> **Information shown**:
=-=-=
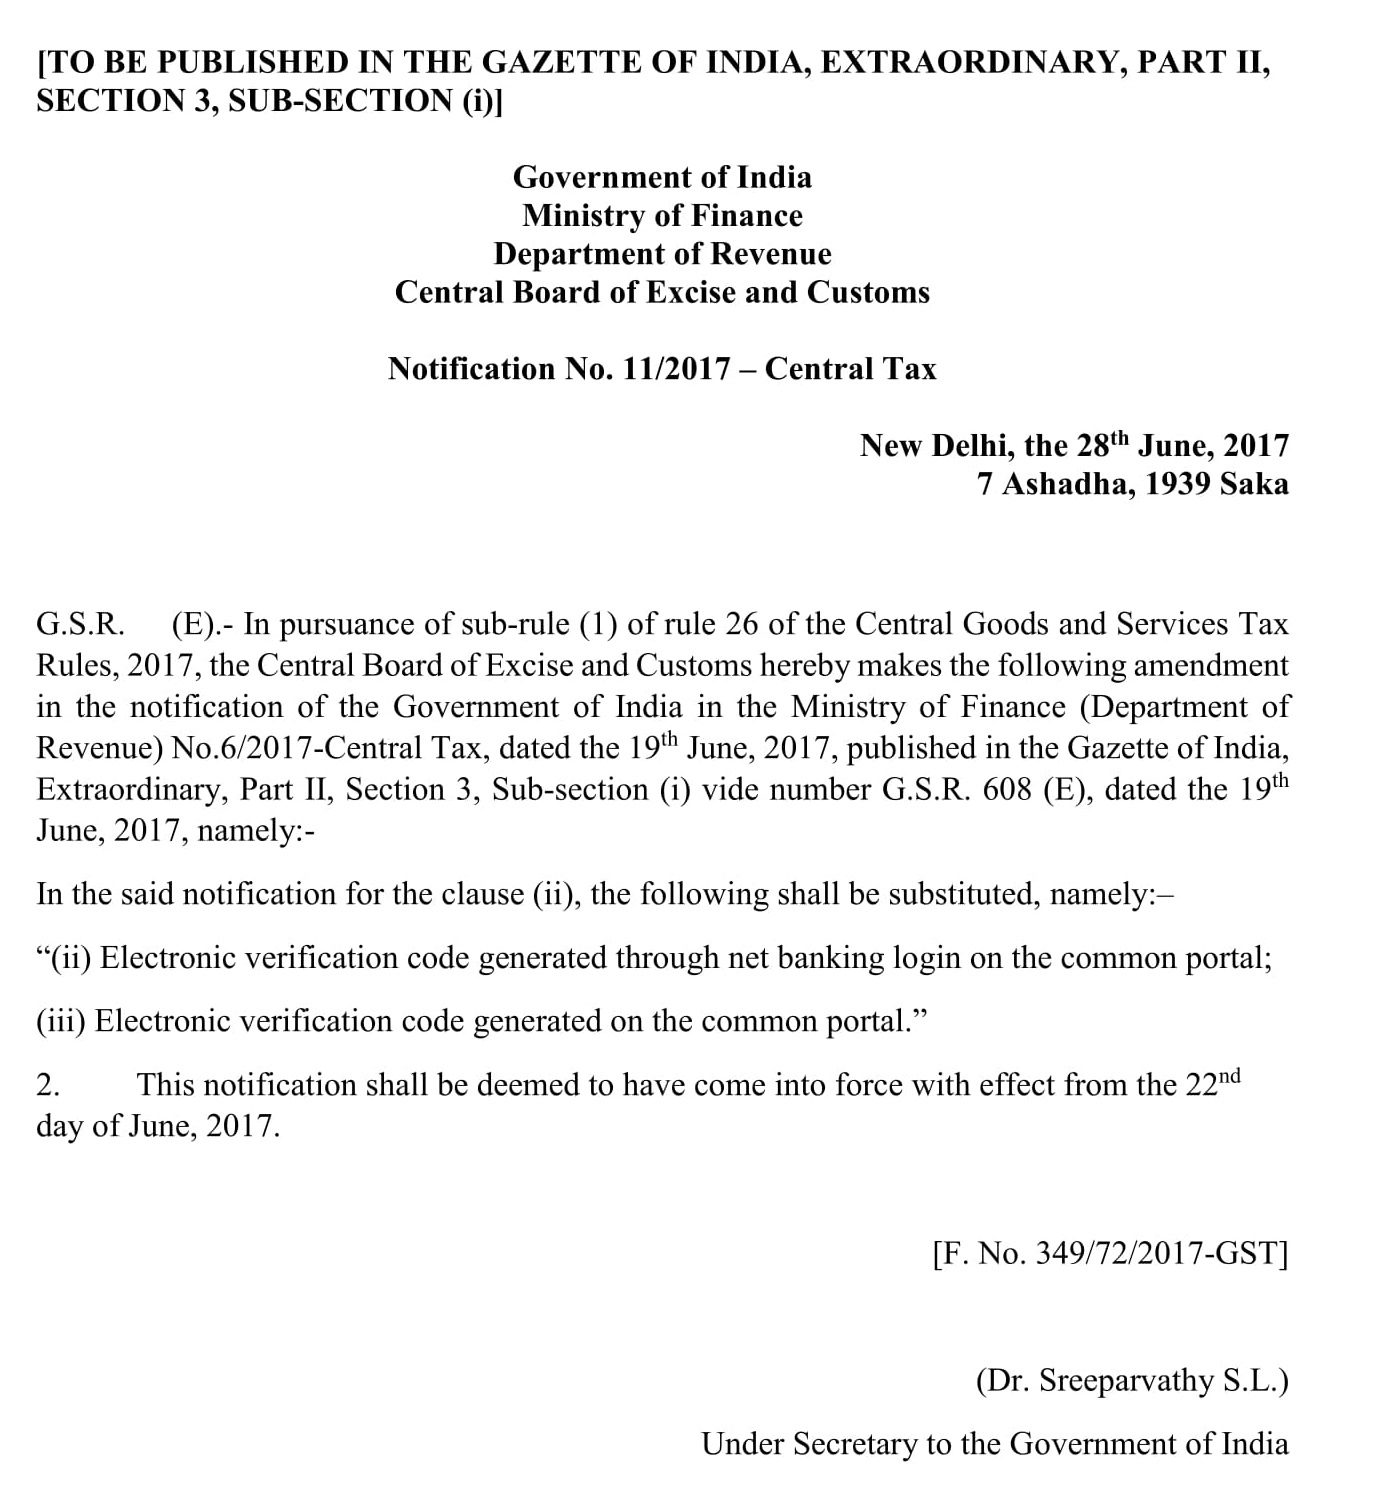 notfctn-11-central-tax-english-1.jpg
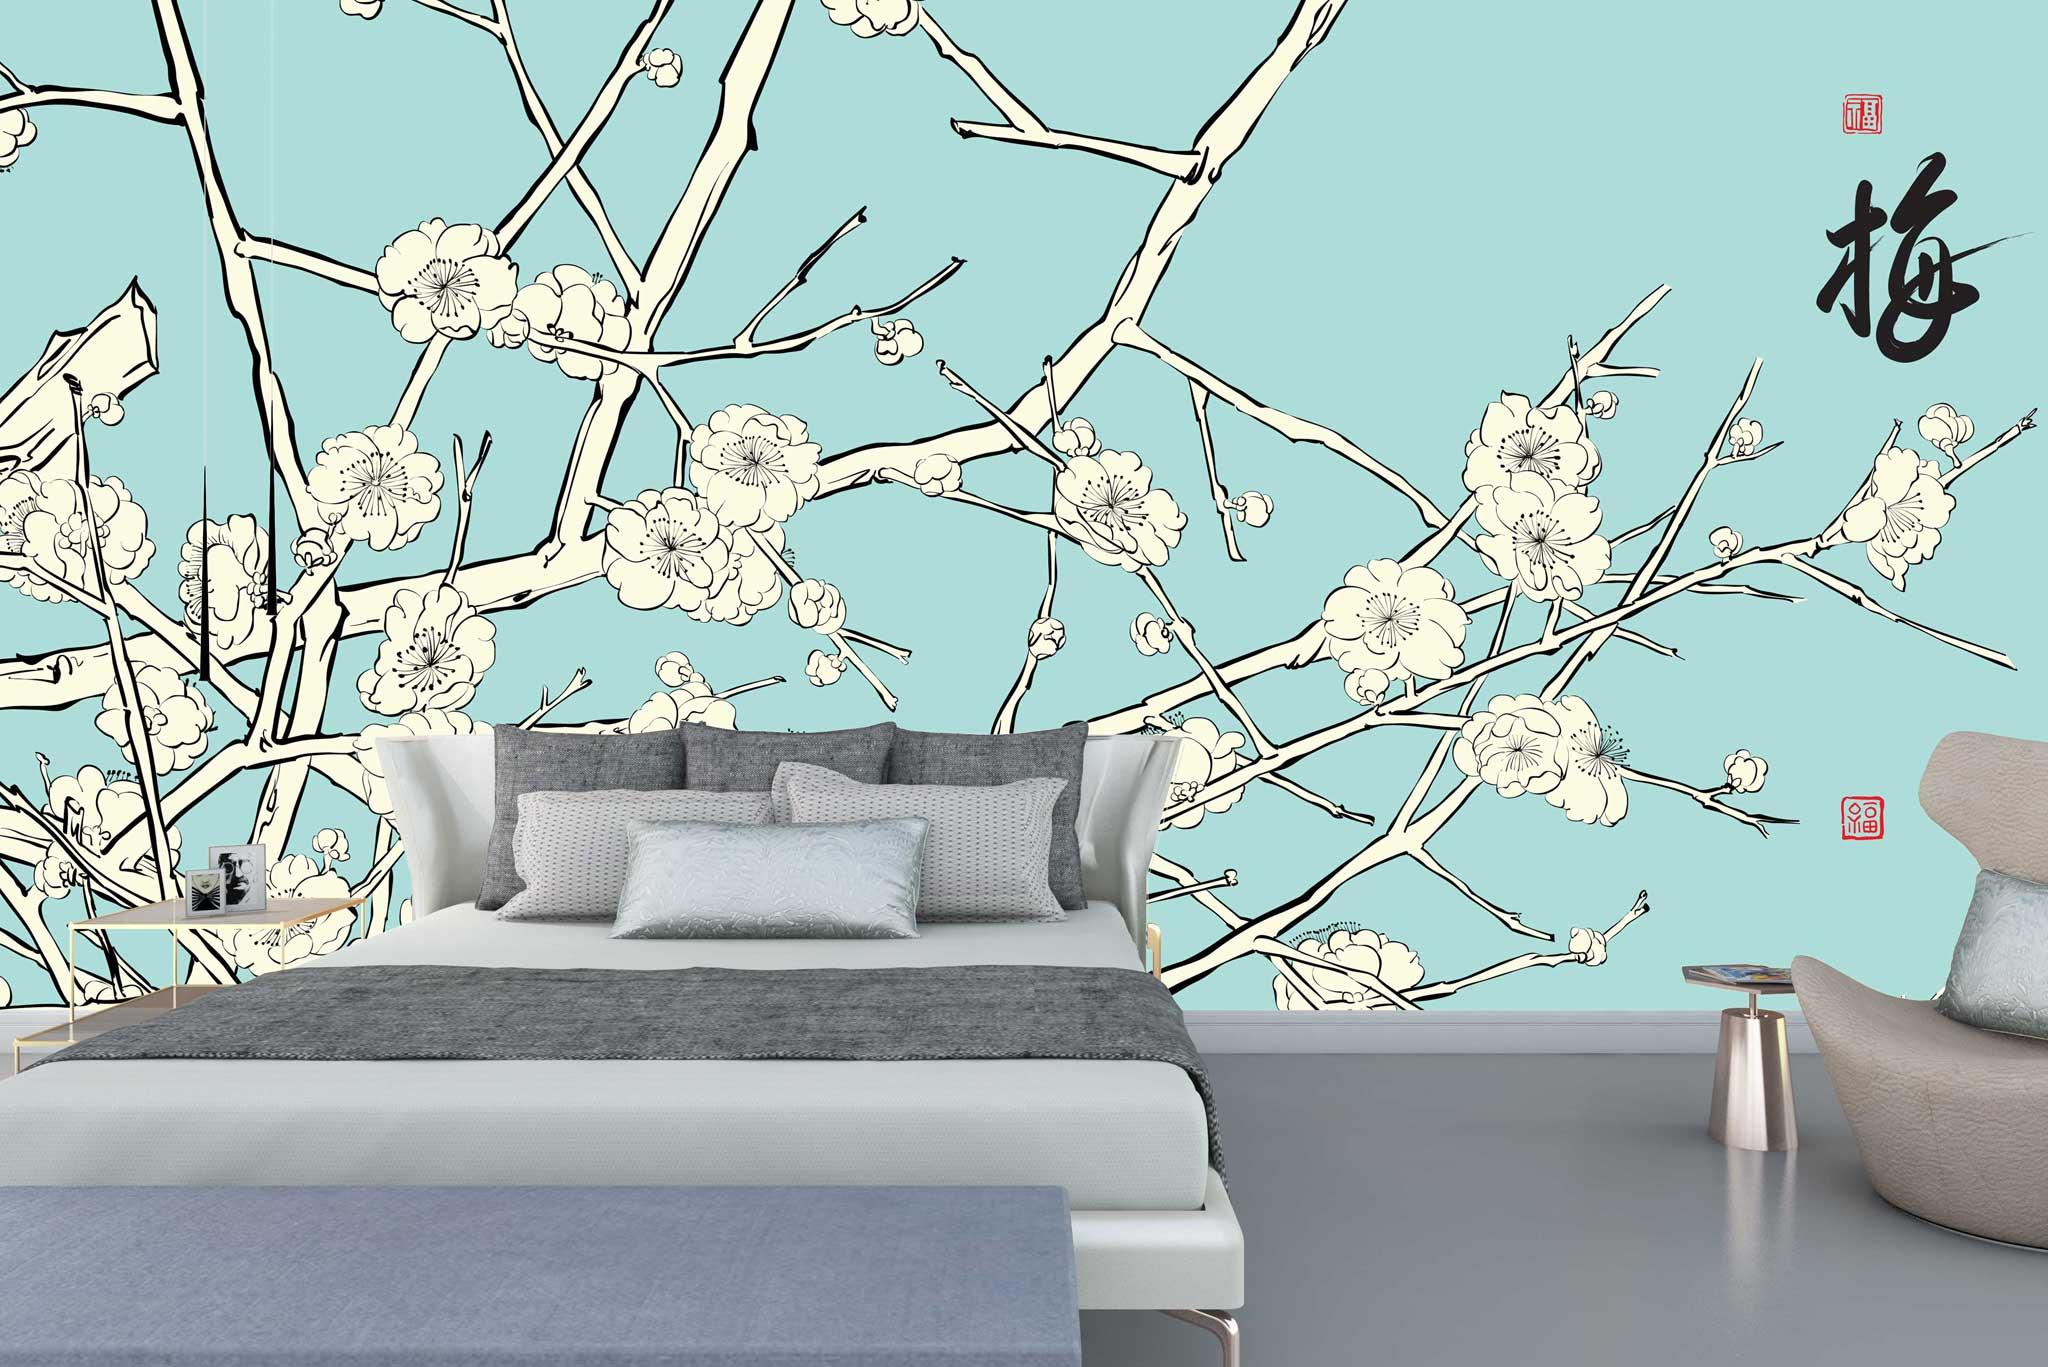 tapet-fototapet-comanda-personalizat-bucuresti-perete-special-lux-model-pictura-desen-stil-asiatic-crengi-flori-cires-alb-bleu
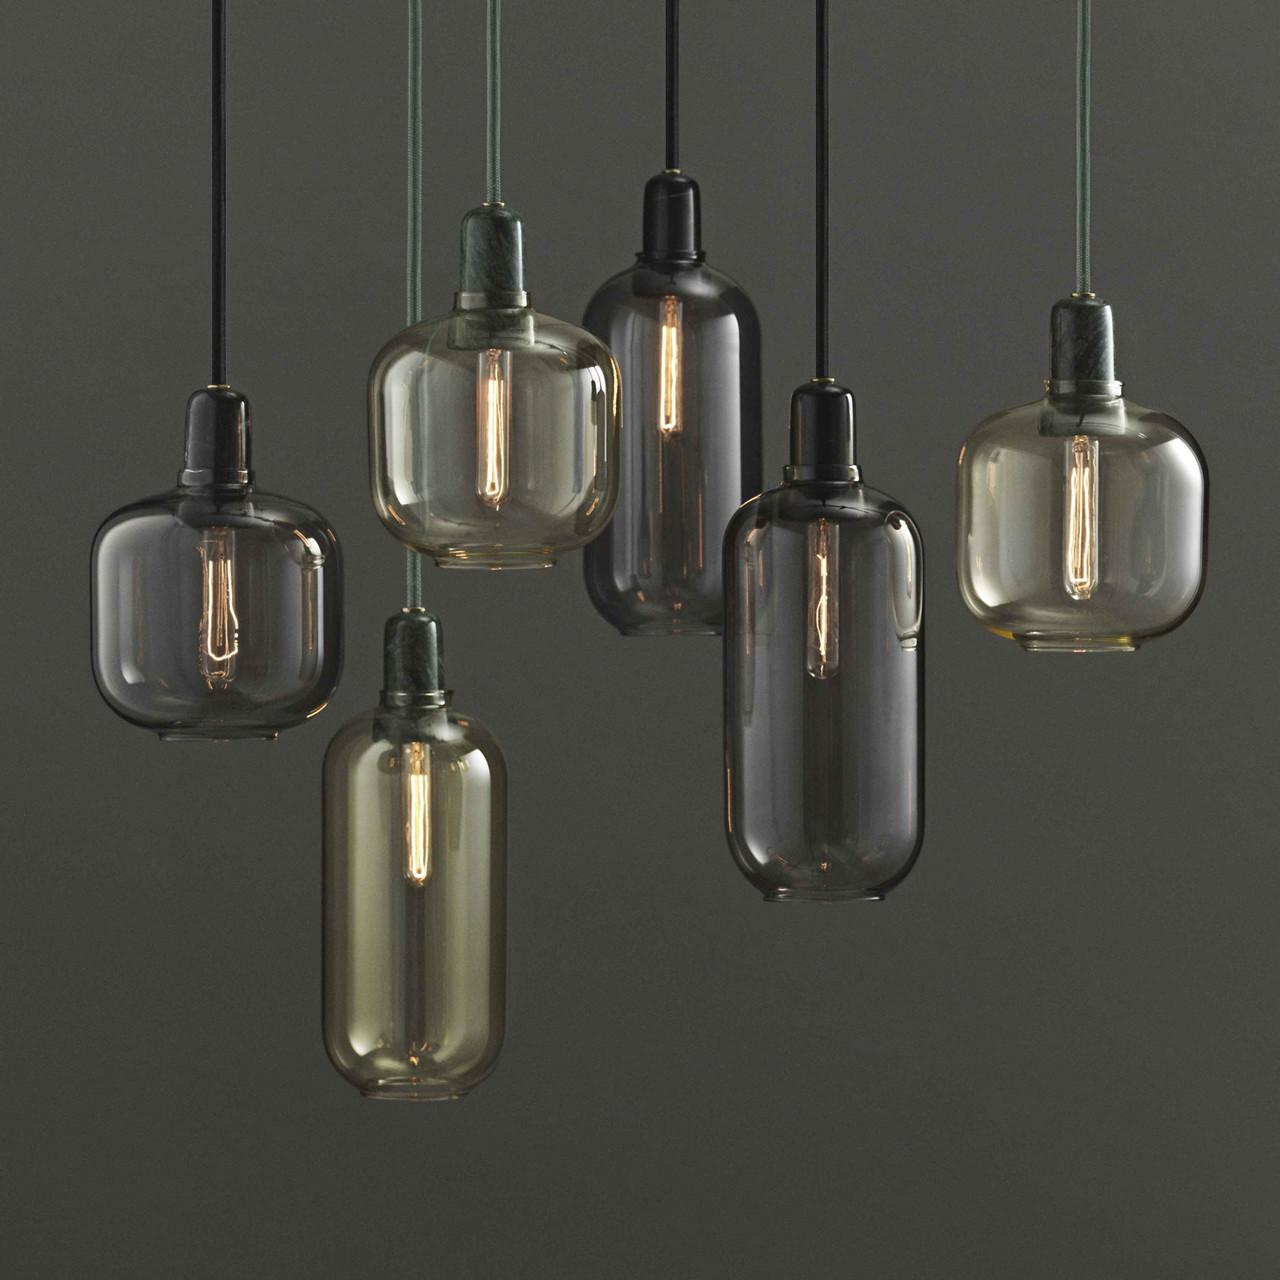 Normann Cph Amp Lampe – pris 799.00
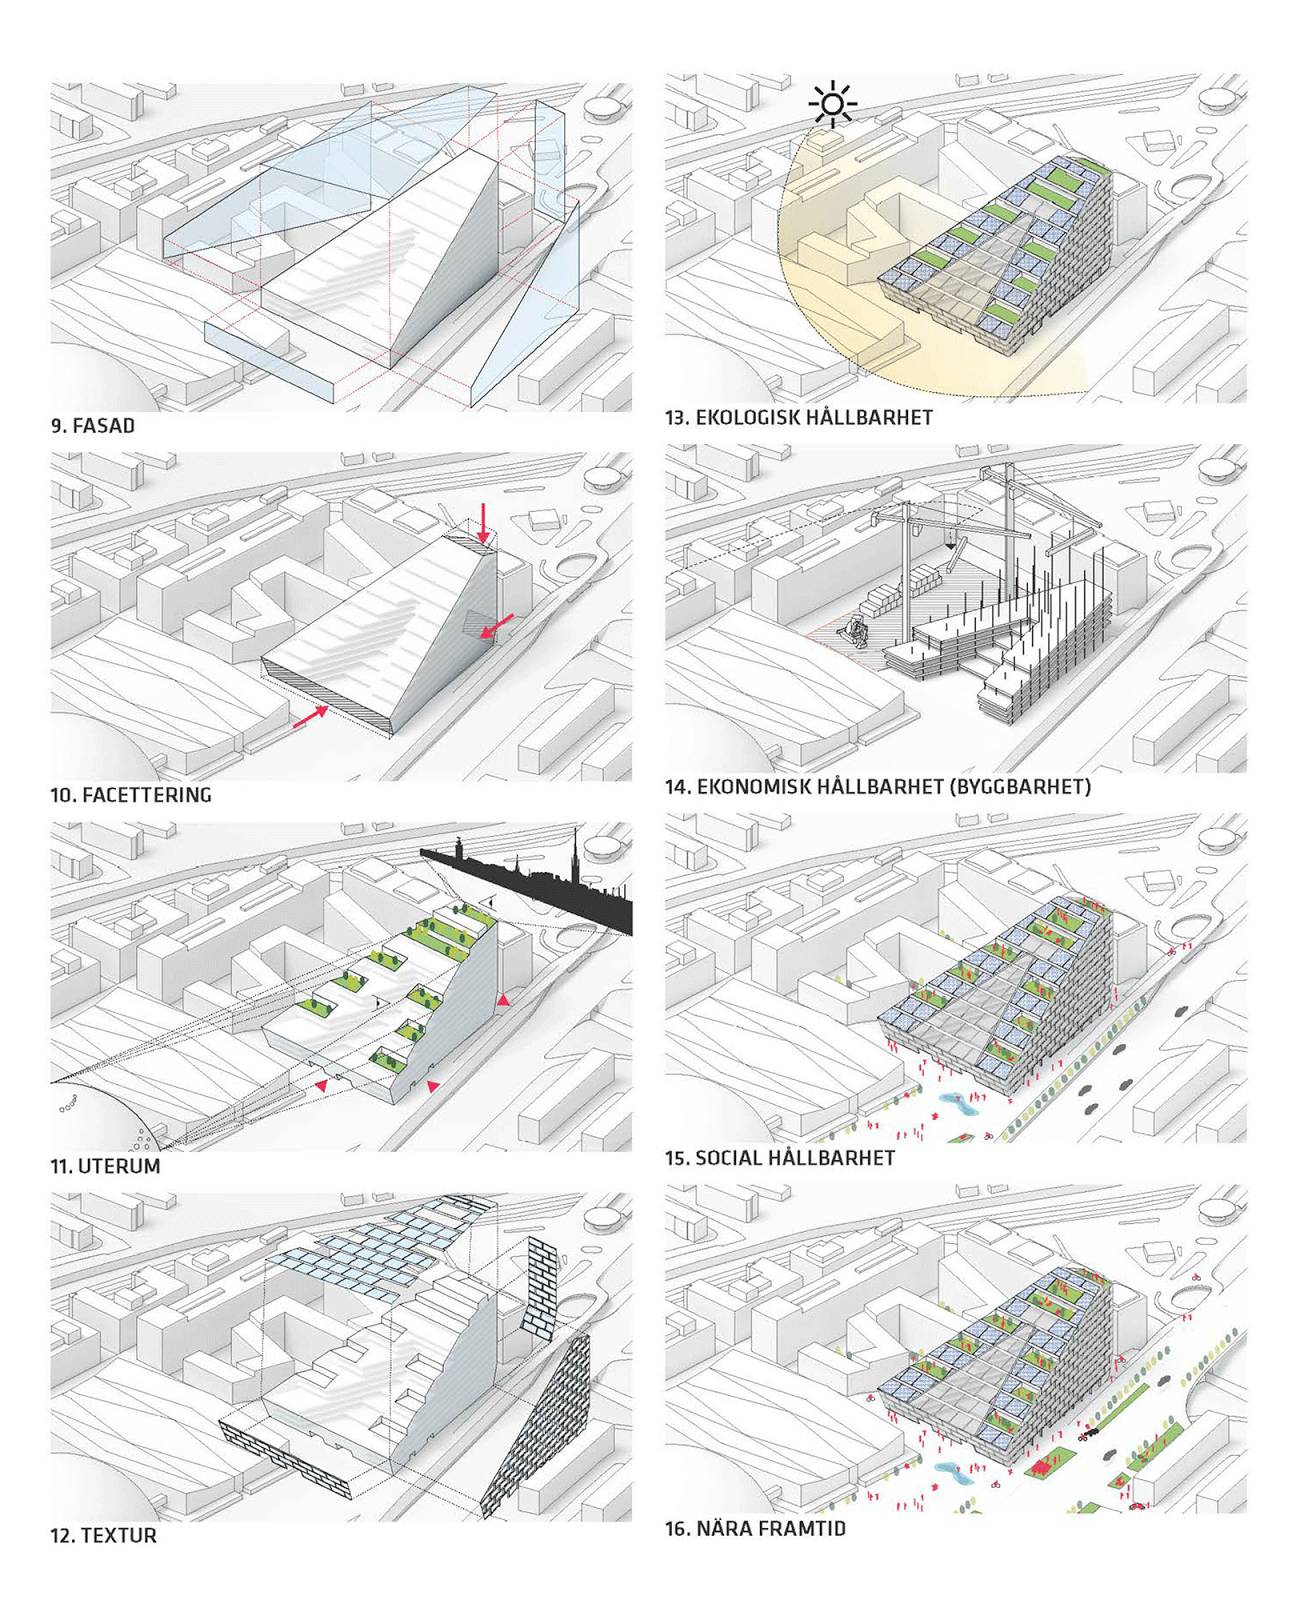 BIG+.+new+municipal+building+.+Stockholm+(13).png 1.292×1
=-=-=
> **What to work on**: Quote the listing above in full, except for the pictures.

> **Result of the exercise**:
 notfctn-11-central-tax-english-1.jpg
 tapet-fototapet-comanda-personalizat-bucuresti-perete-special-lux-model-pictura-desen-stil-asiatic-crengi-flori-cires-alb-bleu
 Normann Cph Amp Lampe – pris 799.00
 BIG+.+new+municipal+building+.+Stockholm+(13).png 1.292×1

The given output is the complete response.